| Aim of the task |
Give the data again word for word; drop the pictures.

| Supplied data |

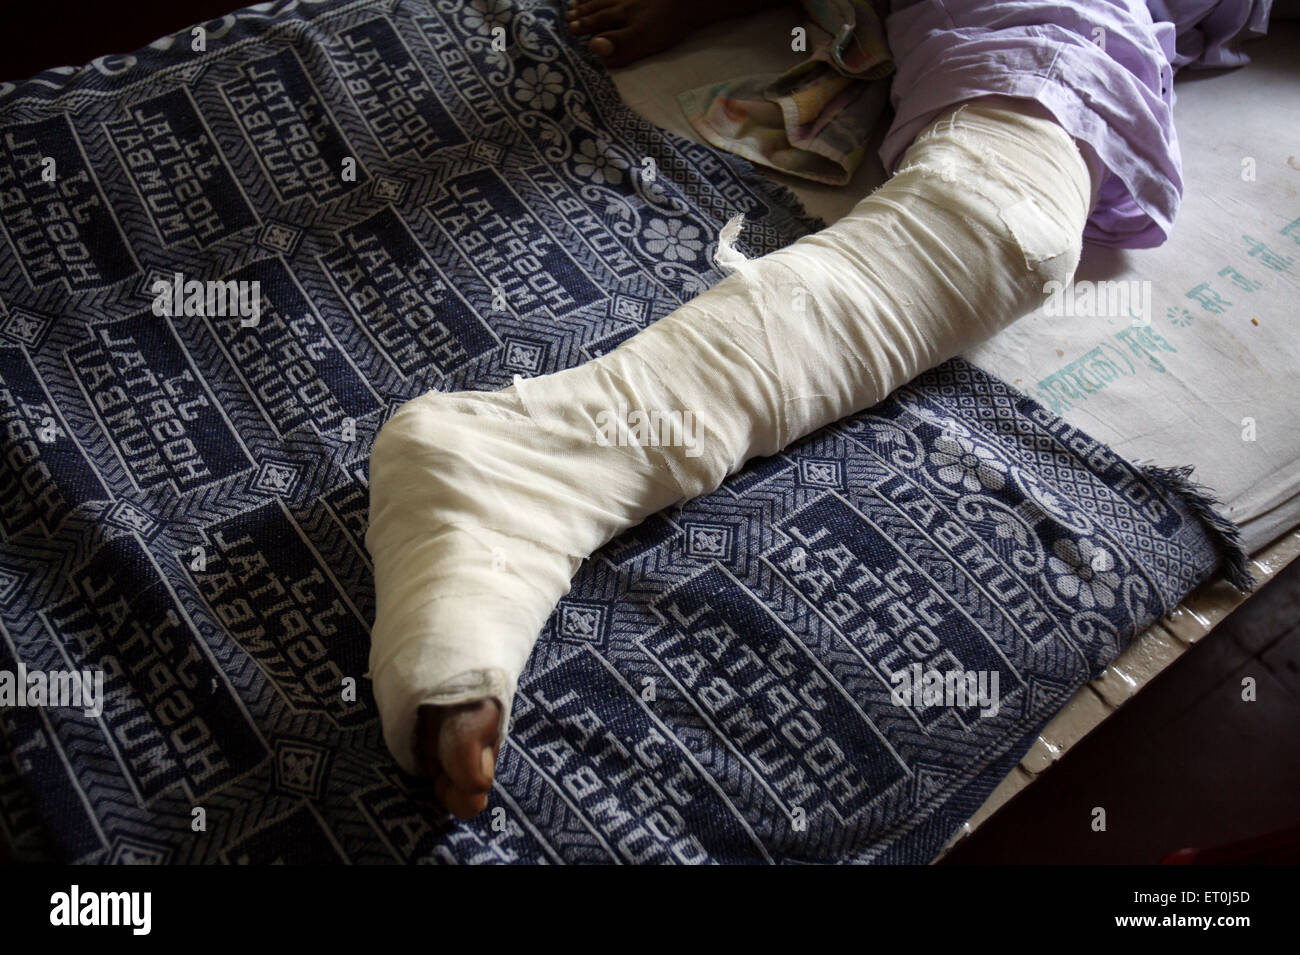 Injured foot ; Victim of terrorist attack by Deccan Mujahedeen on 26th November 2008 treated in J.J. hospital in Bombay Stock Photo
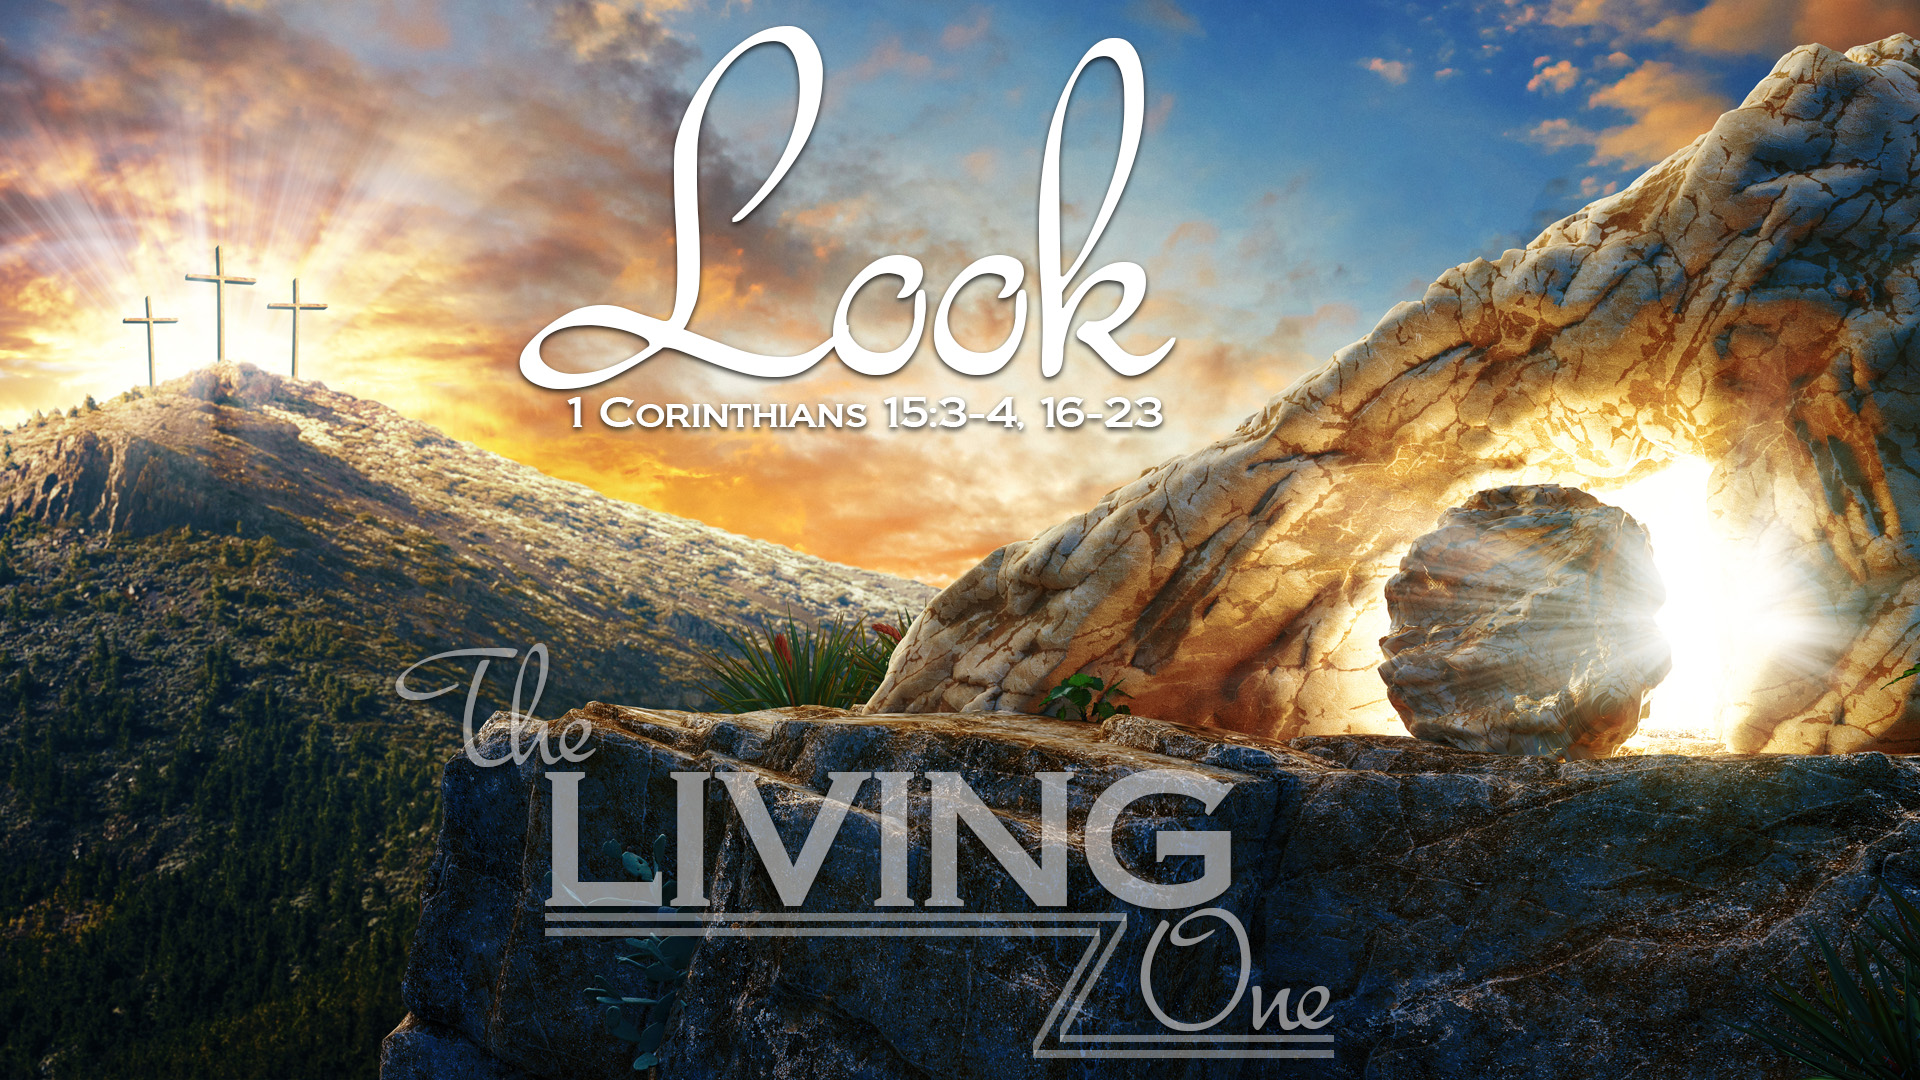 Living One, Part 2: Look Image
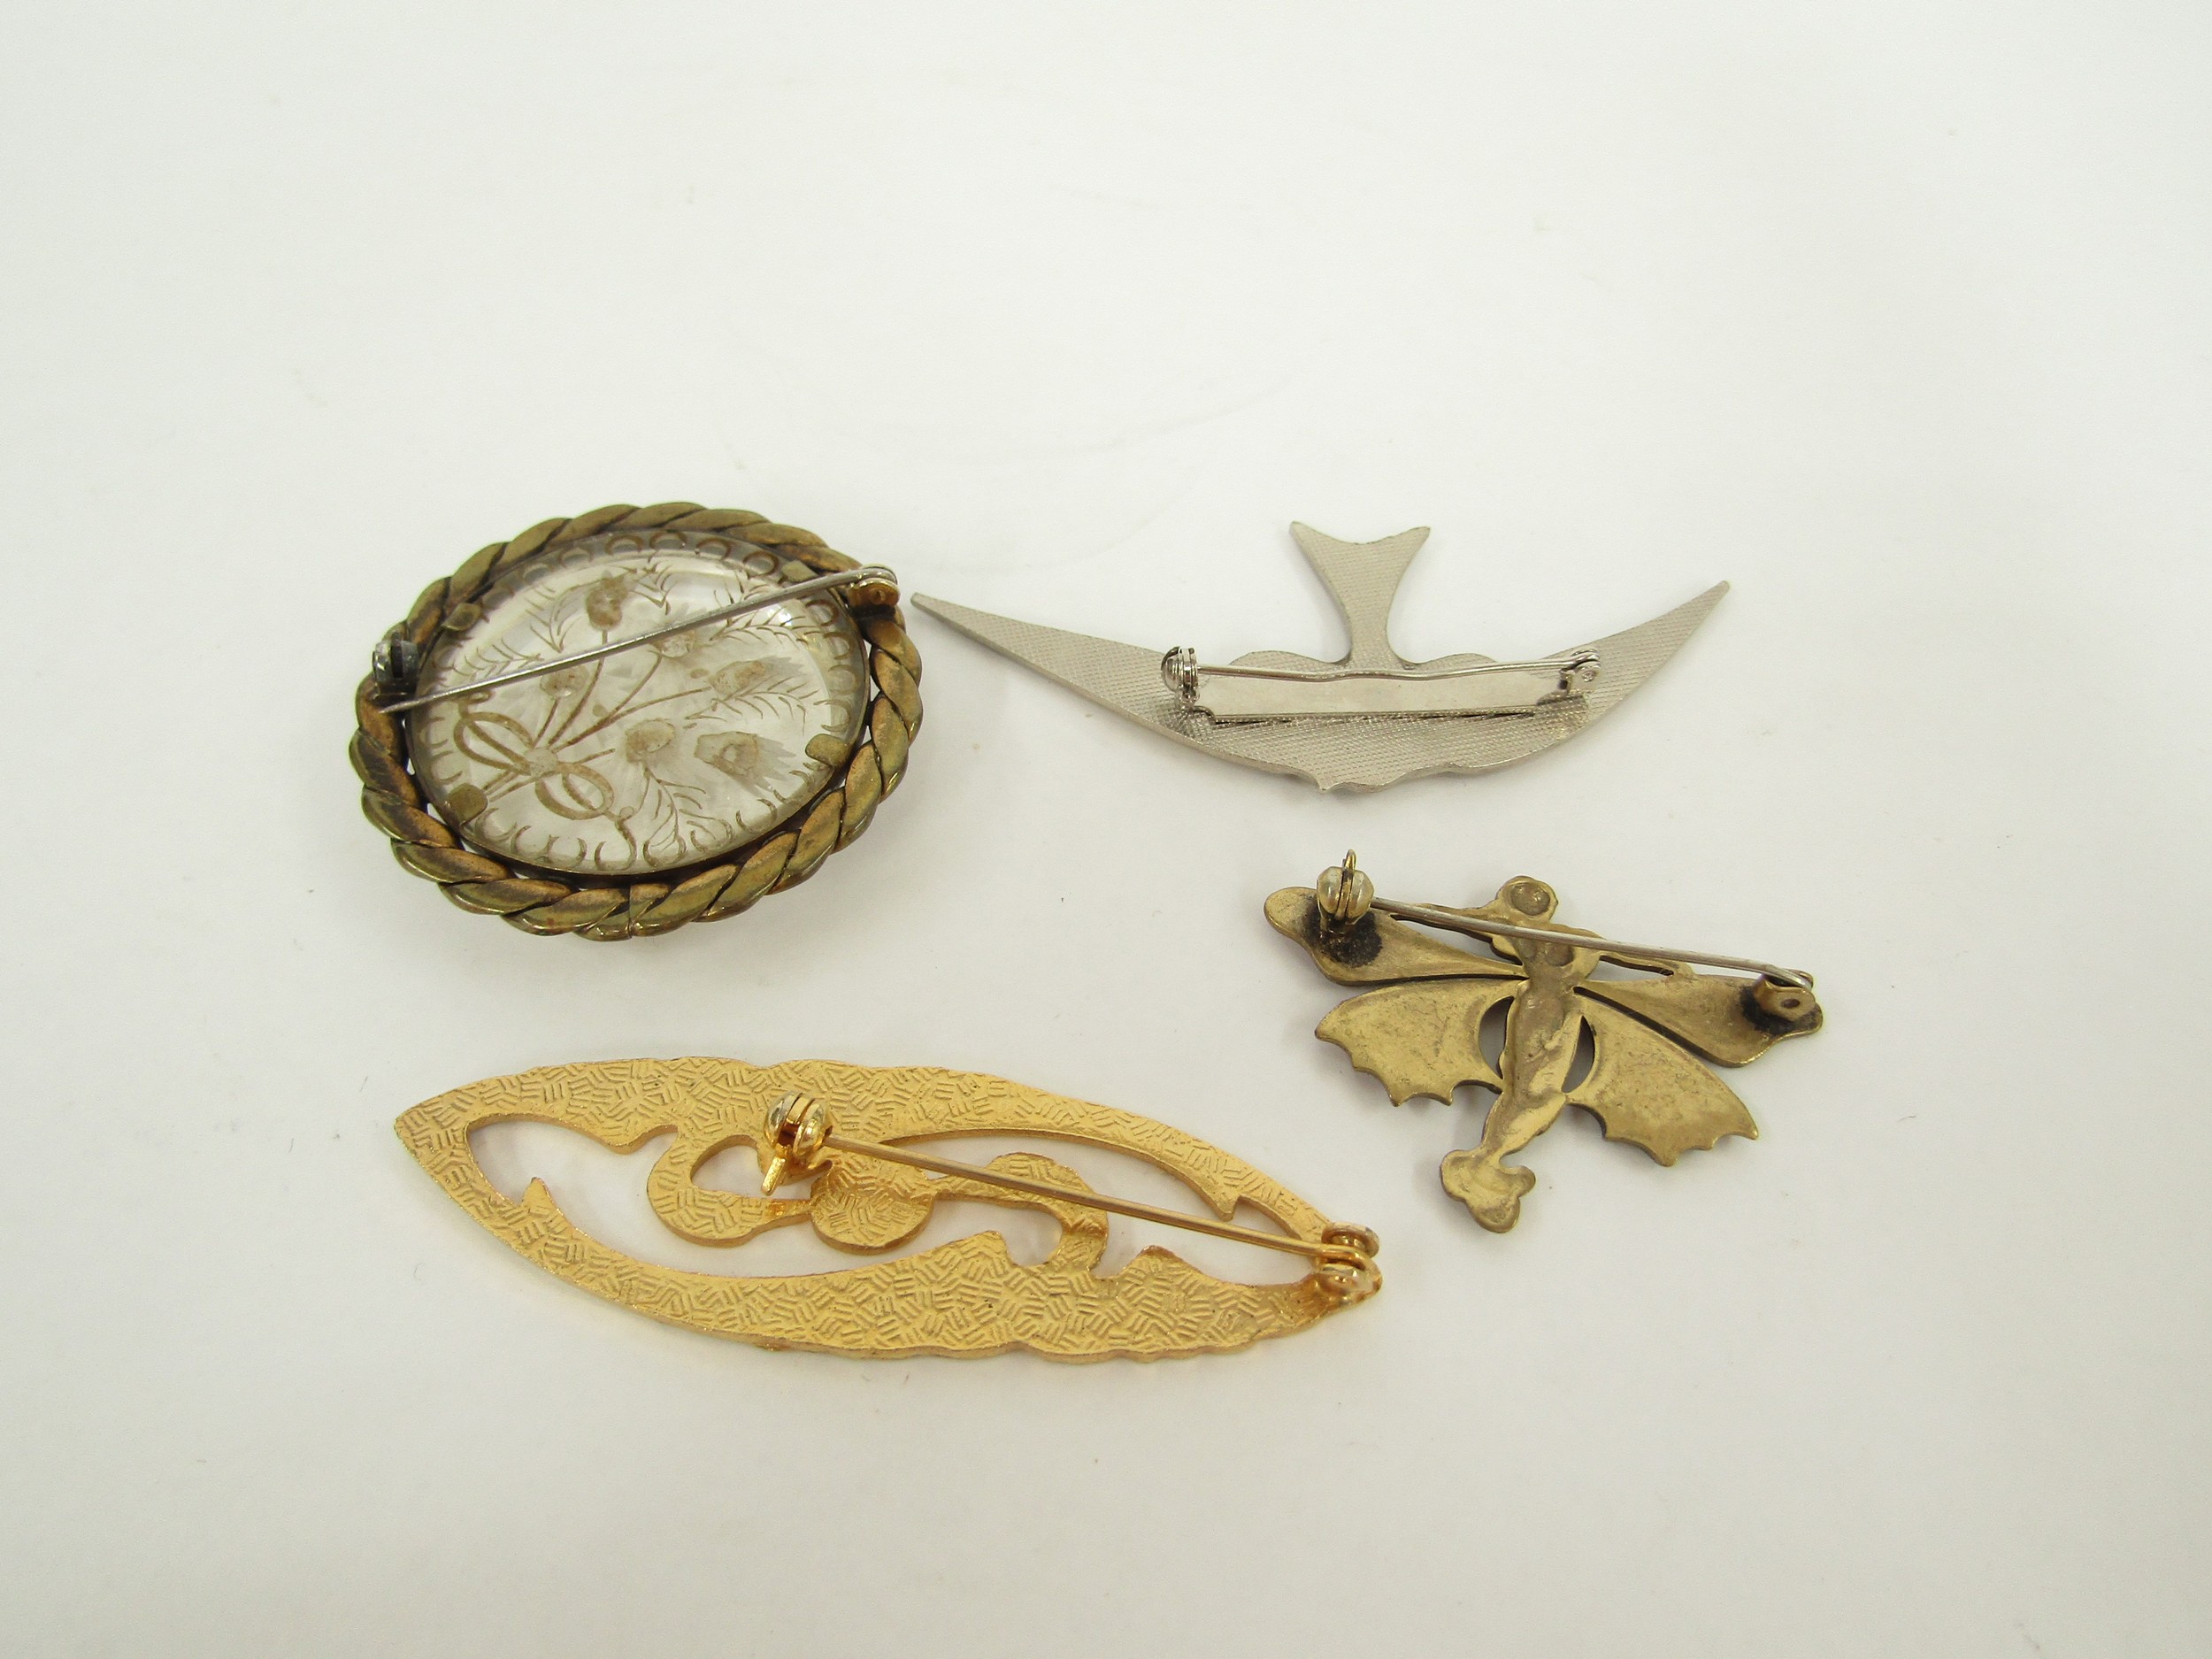 Four decorative brooches including fairy, swallow, flamingo and floral - Image 2 of 2

| Exercise solution |
 Injured foot ; Victim of terrorist attack by Deccan Mujahedeen on 26th November 2008 treated in J.J. hospital in Bombay Stock Photo
 Living One, Part 2: Look Image
 Four decorative brooches including fairy, swallow, flamingo and floral - Image 2 of 2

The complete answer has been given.